Our firm recently handled a case involving a medical doctor who was charged with threats of violence and second-degree assault. In this article, we talk all about the case and how we avoided a conviction. Hopefully, this gives others an idea of how to work around a charge and avoid a conviction for similar cases.
The Facts of the Case
The case begins after an incident one summer in Minnesota after the COVID-19 pandemic hit. The client and his children were at home where they had a yard that was at least 75 yards in size. The children were playing in the yard, making noise that angered the neighbors.
The neighbors called 911 to complain about the noise while their daughter, who was around 17 years old, started going over to the yard and swearing at our client. The latter started swearing back, which angered the 17-year-old’s father. This prompted him to shout and swear at our client and his kids, perhaps even threatening them by saying “I’ll kill you.”
After this encounter, our client and his kids ran to the house and locked the door. But this didn’t stop the neighbor from continuing his yelling to the point that he even started to unlatch the fence gate at our client’s house.
This scared our client, so he went to grab his shotgun from the closet. Now, things get a little bit complicated. The neighbor and his daughter alleged that our client pointed the gun at them. On the other hand, our client told the 911 operator that he did brandish the shotgun but had not actually pointed it at the neighbors or threatened them with it. Rather, he took the shotgun and pointed it at the ground, out of fear and in hopes of dissuading them from breaking into the house.
The main issue here is whether or not our client had actually pointed the gun at the neighbors. While we believed that he didn’t and that the act of brandishing the gun was self-defense, it was a matter of who the jury was going to believe.
In our opinion, this case would have been very interesting to take to trial. But the decision to wasn’t as simple as that because the client was a medical doctor. If a doctor is found to have any assaultive conduct, they risk losing their medical license. So if the case was brought to trial, our client’s job and livelihood would be at stake.
Prior to us handling the case, the client worked with a different lawyer when he was charged with threats of violence. In their plea negotiations, our client was told that if didn’t plead guilty to threats of violence, they were going to amend the charges to second-degree assault with a firearm. The latter, in case of a conviction, carries a three-year mandatory minimum prison sentence in Minnesota.
How We Helped the Client
Luckily, the client asked us to take over the case after his brother, who has a public defender, referred him to us. When we accepted the case, we immediately went out to the scene to get a better idea of the house’s layout and appreciate what it feels like to be there. There are things a site visit can reveal that reviewing evidence on paper cannot, which helps us do a better job for the client.
Ultimately, we determined that the client was not going to be pleading guilty to the threats of violence charge. This is because we knew he had a viable claim for self-defense or defense of others. Our firm filed that notice with the intention of going to trial.
But lo and behold, we ended up negotiating with the prosecution to the point where they give our client an offer to reduce the charge to a misdemeanor or reckless handling of a firearm under Minnesota statute 609.66, subdivision 1A1.
Compared to the initial offer that would lead to a second-degree assault charge, which was a felony, this was more favorable because it did not require our client to do any jail time and it would allow him to keep his medical license.
While we were prepared to go to trial, our client felt more confident accepting the offer. He didn’t want to risk the jury deciding against him, so he was happy with the offer and took it.
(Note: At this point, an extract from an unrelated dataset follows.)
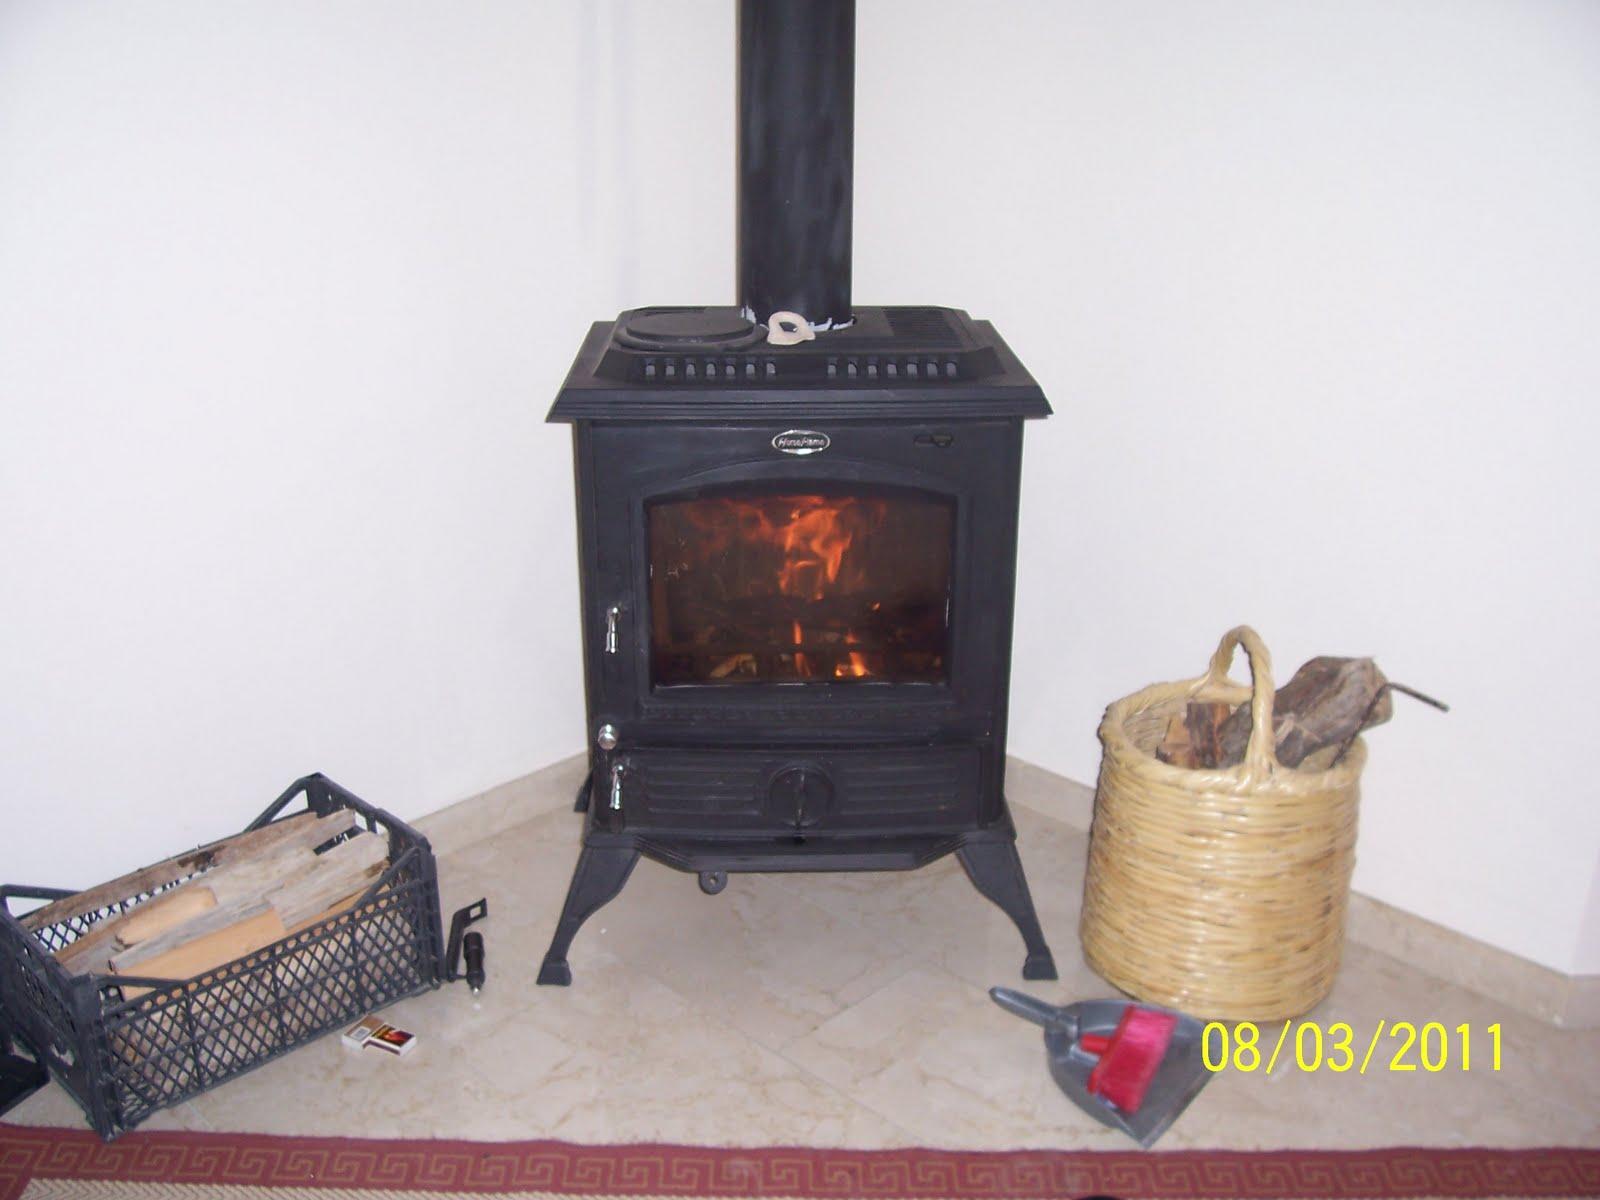 The Cyprus Garden Blog: Wood Burning Stove

As lawyers, we are in no place to pressure our clients into pleading guilty, accepting an offer, or going to trial. While we can give them our advice, it is ultimately their decision that we should honor. We agreed that the offer was best for the client, so we were a hundred percent behind him in accepting the offer.
This eventually led to his threats of violence and second-degree assault charges being dismissed, allowing him to keep his record clean, avoid prison time, and most importantly, save his career and livelihood.
How Having an Experienced Lawyer Can Get You a Better Deal in Criminal Cases
Different lawyers will have different opinions about a case. But one with experience trying criminal cases will, more often than not, be able to come up with a solution that is favorable for their clients. This is because they put in the work — going through the scene, sending an investigator to interview witnesses, and developing a strong defense.
Not only that, but having an experienced lawyer can also be intimidating to the prosecution. Because they are aware of the lawyer’s track record in winning trials and convincing juries, they are likely going to make a good offer on the case.